The upper tiers of the output stage are driven from TR29A-TR32A, TR37A and TR38A for the positive side, and from
TR33A-TR36A, TR39A and TR40A for the negative side. The operation of each half is, in principal, identical so the positive
driver only will be described.
The Class H driver consists of two current sources TR29A/TR30A and TR31A/TR32A. TR29A/TR30A operate from the +HT
supply and are set to source approximately 2mA. TR31A /TR32A operate from the output signal and are set at 4.3mA.
When operating correctly, 650mV will be developed across each of R32A and R33A. Zener diode ZD2A is connected
between the two current sources and will normally show a voltage drop of 20V. Zener diode ZD1A is connected
between the Cathode of ZD2A and the output of the upper tier of output devices. Hence, in the quiescent state, the
Cathode voltage, with respect to 0V, of ZD1A will be approximately +70V, and the Anode to Cathode voltage will be
approximately 650mV. As the two current sources are unbalanced, the lower source will obtain 2mA of its 4.3mA from the
upper current source and the remaining 2.3mA of current through ZD1A, thereby biasing the upper tier of the output stage
into the off state. As the output voltage increases, less voltage will be dropped across TR32A as it maintains its 4.3mA of
collector current. When the output voltage reaches approximately 20V below the +LT rail TR32A will become saturated and
the voltage at the Cathode of ZD2A will begin to increase, biasing the upper tier of output devices into the on state.
Transistors TR37A and TR38A are configured as emitter followers to increase the drive current available to the output stage.
Hence the gate drive applied to the upper tier of devices will follow the output with an additional 20V of DC offset.
Faults in the Output Stage
Output device failure is usually in one of three modes.
A) Device short Drain to Source
B) Device short Gate to Source
C) Device open Drain to Source
Failure mode A) is usually exhibited as a DC offset at the output (or if the device is in the upper tier of devices as the
modulated rail being "stuck" at the full +140V). Such a fault will be revealed as a Drain to Source short circuit across the
offending tier of devices. To identify which device(s) is faulty measure the resistance between Gate and Source of each
device in the faulty tier with the multi-meter set to its 2kOhm range. A faulty device will show as a resistance measurement
of less than 1k1 (usually 0-100 Ohms).
Failure modes B) and C) will be exhibited as premature clipping on one half-cycle of the output. This fault will not, however,
be shown with the amplifier unloaded. In the event the fault persists with no load connected, the fault is likely to be
elsewhere. Devices suffering from failure mode B) can be easily identified with the simple multi-meter test outlined above.
Failure mode C) is a little more difficult to identify. The simplest method is to connect a "wander" lead to the Source
connection of the offending tier of devices. Touch each gate lead of that tier of devices with the "wander" lead in turn
observing the output waveform.
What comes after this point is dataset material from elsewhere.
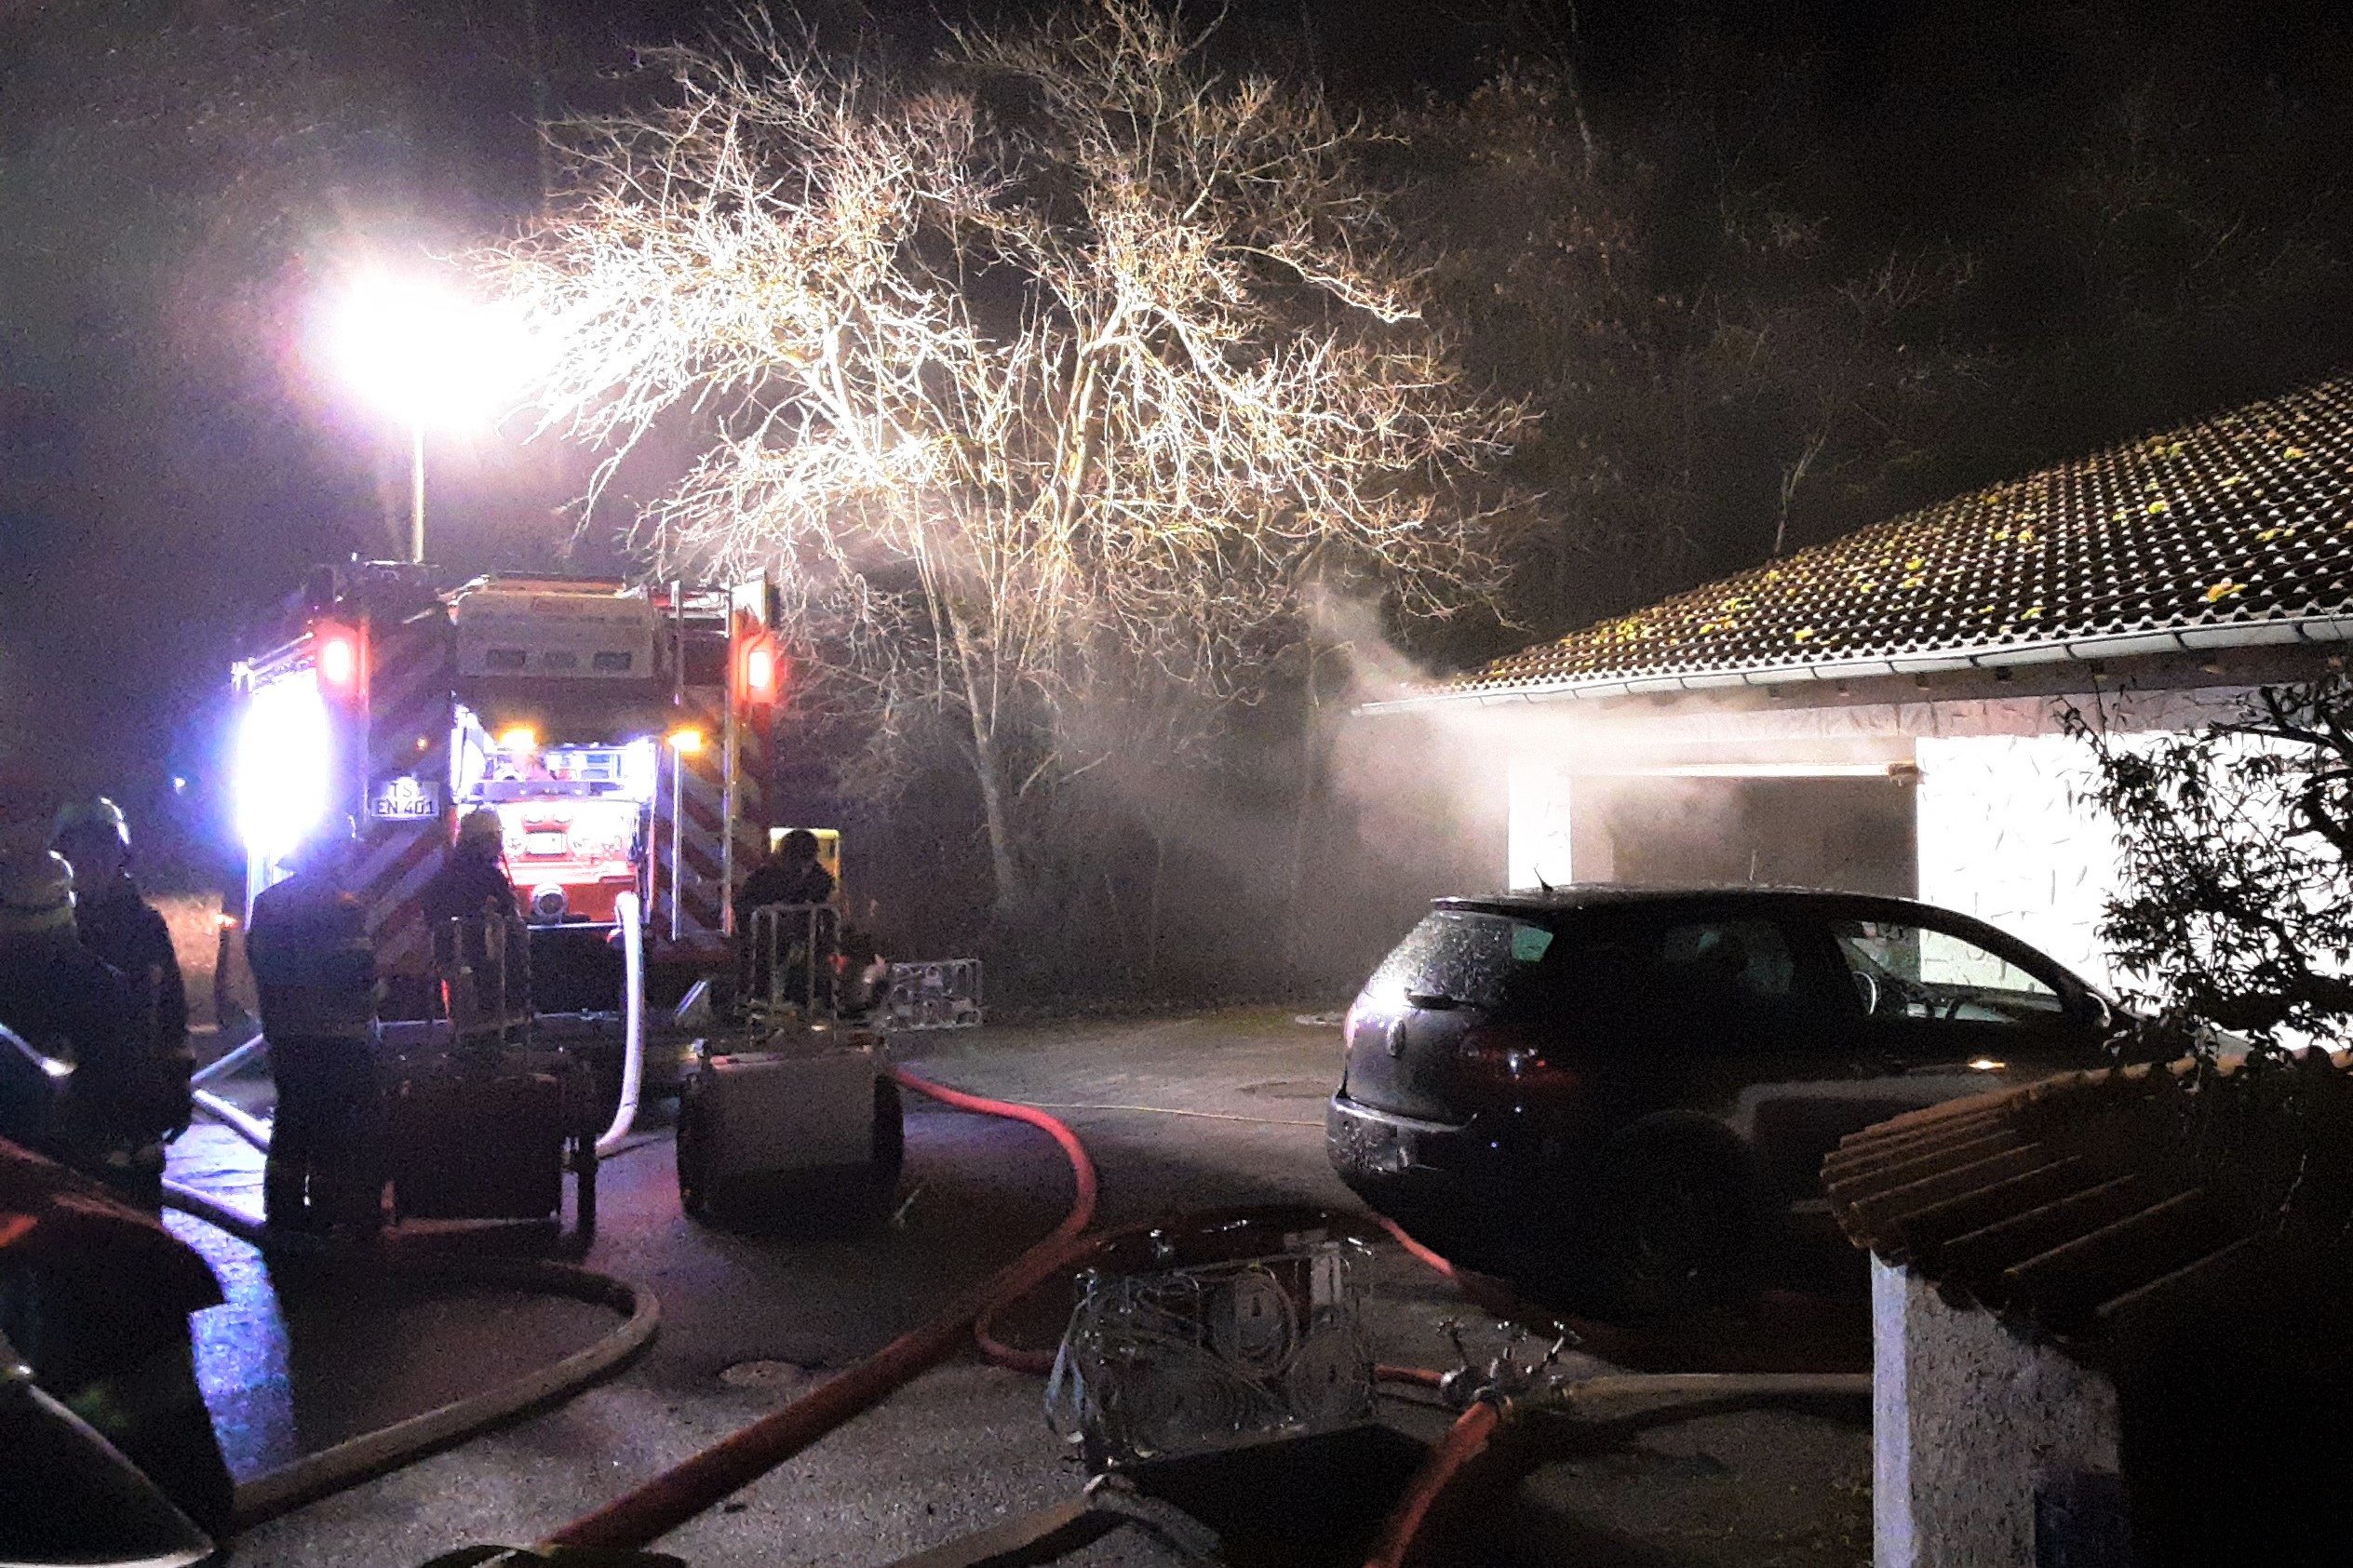 Die zwei Bewohner des Einfamilienhauses konnten sich vor dem Feuer und Brandrauch rechtzeitig in Sicherheit bringen, erlitten aber dennoch eine Rauchgasvergiftung.

Each time a device is shorted Gate to Source the clipping will become more pronounced. A
faulty device will be revealed by less dramatic additional clipping.
Multimeter Testing of Output Devices
Once a device has been removed from circuit it is comparatively simple to check whether it is operating correctly. The
following routine is for an N-Channel (K1058) device. The routine for testing a P-Channel device is identical with Red and
Black leads swapped.
Set the Multi-Meter to its 200 Ohm range. Connect the Black test lead to the (centre) Source lead of the device under test
and the Red test lead to the (left) Gate lead of the device under test. The meter should show a high (>200 Ohm) resistance
reading. Now move the Red test lead to the (right) Drain lead of the device under test. The meter should show a resistance
reading <2 Ohms. Briefly touch the Black test lead on the (left) Gate lead of the device and then return it to the (centre)
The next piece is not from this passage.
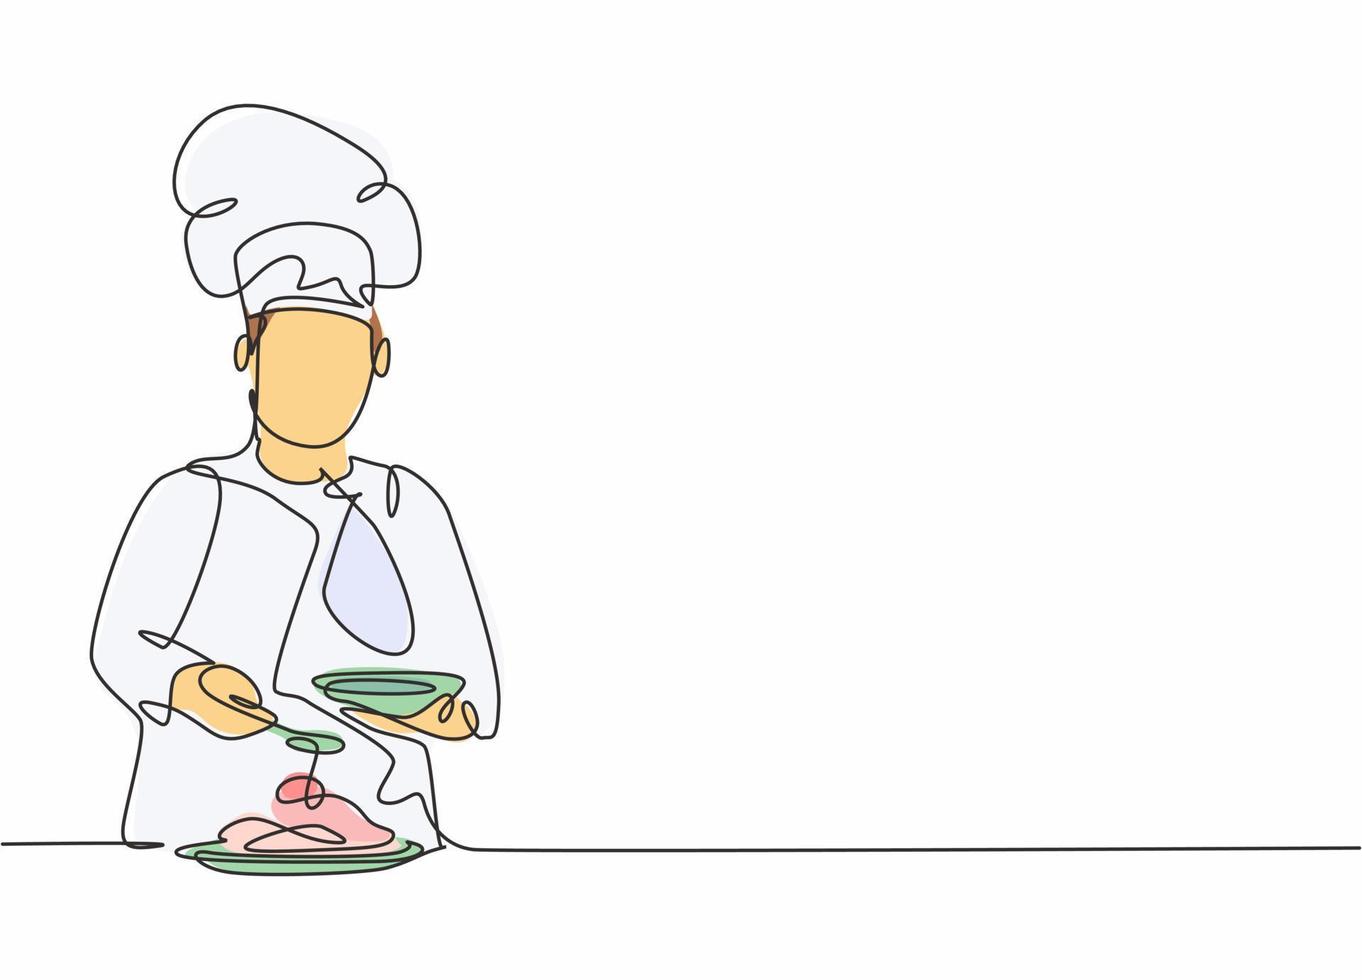 dibujo de línea continua única del joven chef masculino feliz vertiendo salsa en el plato principal para servir al cliente. preparación de alimentos saludables concepto de diseño de dibujo de una línea vector ilustración de minimalismo

Source lead and check for a high (>200 Ohms) resistance reading. If any of these measurements are not achieved then the
device is faulty.
Replacement of Output Devices
Attention is drawn to C Audio Technical Bulletin "MOS-FETs". Output devices date coded 4L3 and on exhibit slightly
different self-protecting characteristics from previous production batches. In order to permit use of these devices in this unit
a "re-entrant protection daughter board" has been developed (PCBA042). This PCB is fitted to the underside of the main
circuit board in two positions (one for each channel). Where an output device of date code preceding 4L3 is replaced with a
more recent part, this daughter board must be fitted to the affected channel(s). The fitting procedure is as follows:
1) Remove D16A, D17B, R87A from the circuit board (D16B, D17B, R87B for channel B). Clear the PCB holes of
these components.
2) Fit the daughter board by inserting the leads of the vertically mounted 0 Ohm resistors into the PCB holes vacated
by the above components, and solder in place. Trim the excess lead.
3) Connect the "flying" 0V lead from the daughter board to the main PCB 0v at R94A/B.
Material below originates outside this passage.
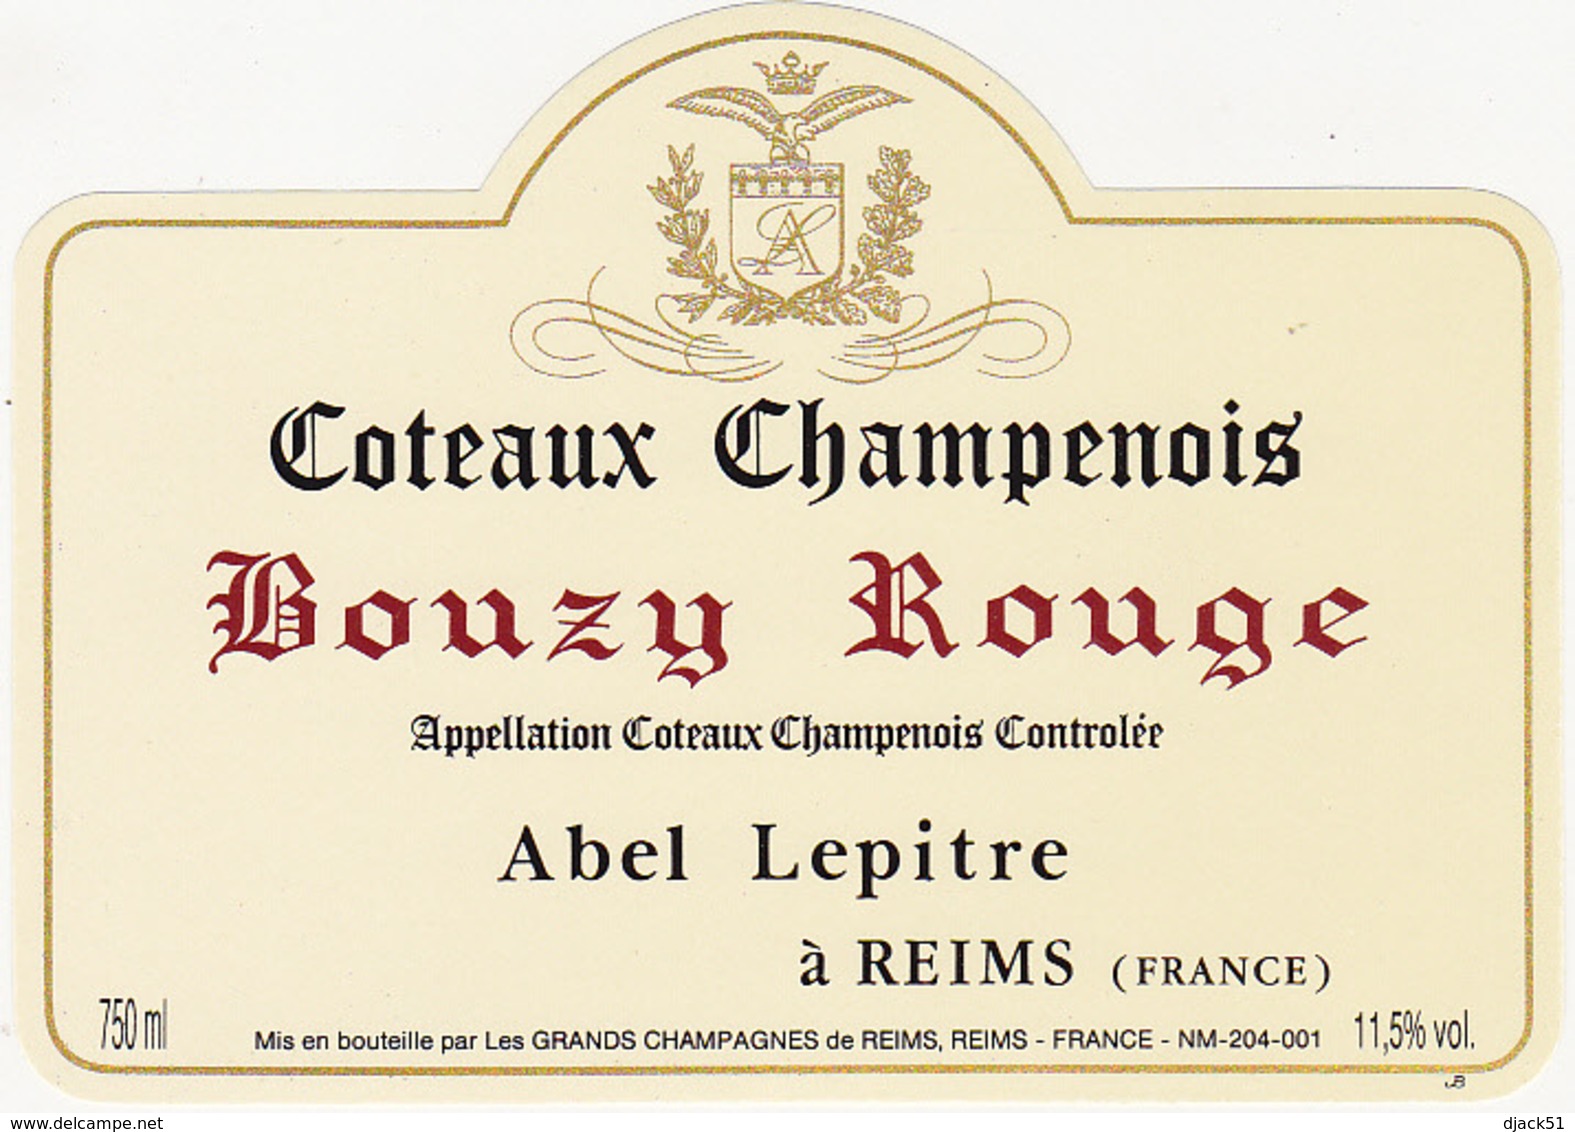 Coteaux Champenois là gì? Coteaux Champenois: loại rượu khác từ Champagne mà bạn có thể chưa bao giờ nghe nói đến

4) The unit may now be tested as usual.
Other Causes of apparent Output Stage Faults
Output DC offsets can be caused by faults outside of the output stage itself. In the event that no Drain to Source shorts are
measured at the output stage, it is recommended that the driver stages are checked for correct operation. The fault-finding
routine should start at the feedback point, checking the DC fault is reflected at this point, and then progress through the
driver stages, checking that the relevant current sources are operating correctly, and that the feedback is attempting to
correct the fault.
Premature clipping may also be caused by faults external to the output stage itself. Most often the fault lies within the
current protection circuit D15A-D18A. This can easily be confirmed by removing D15A and D18A from the circuit board and
observing if the fault clears. Note that, counter-intuitively, a fault D15A will show as a problem on the negative half-cycle,
and a faulty D18A will show as a fault on the positive half cycle.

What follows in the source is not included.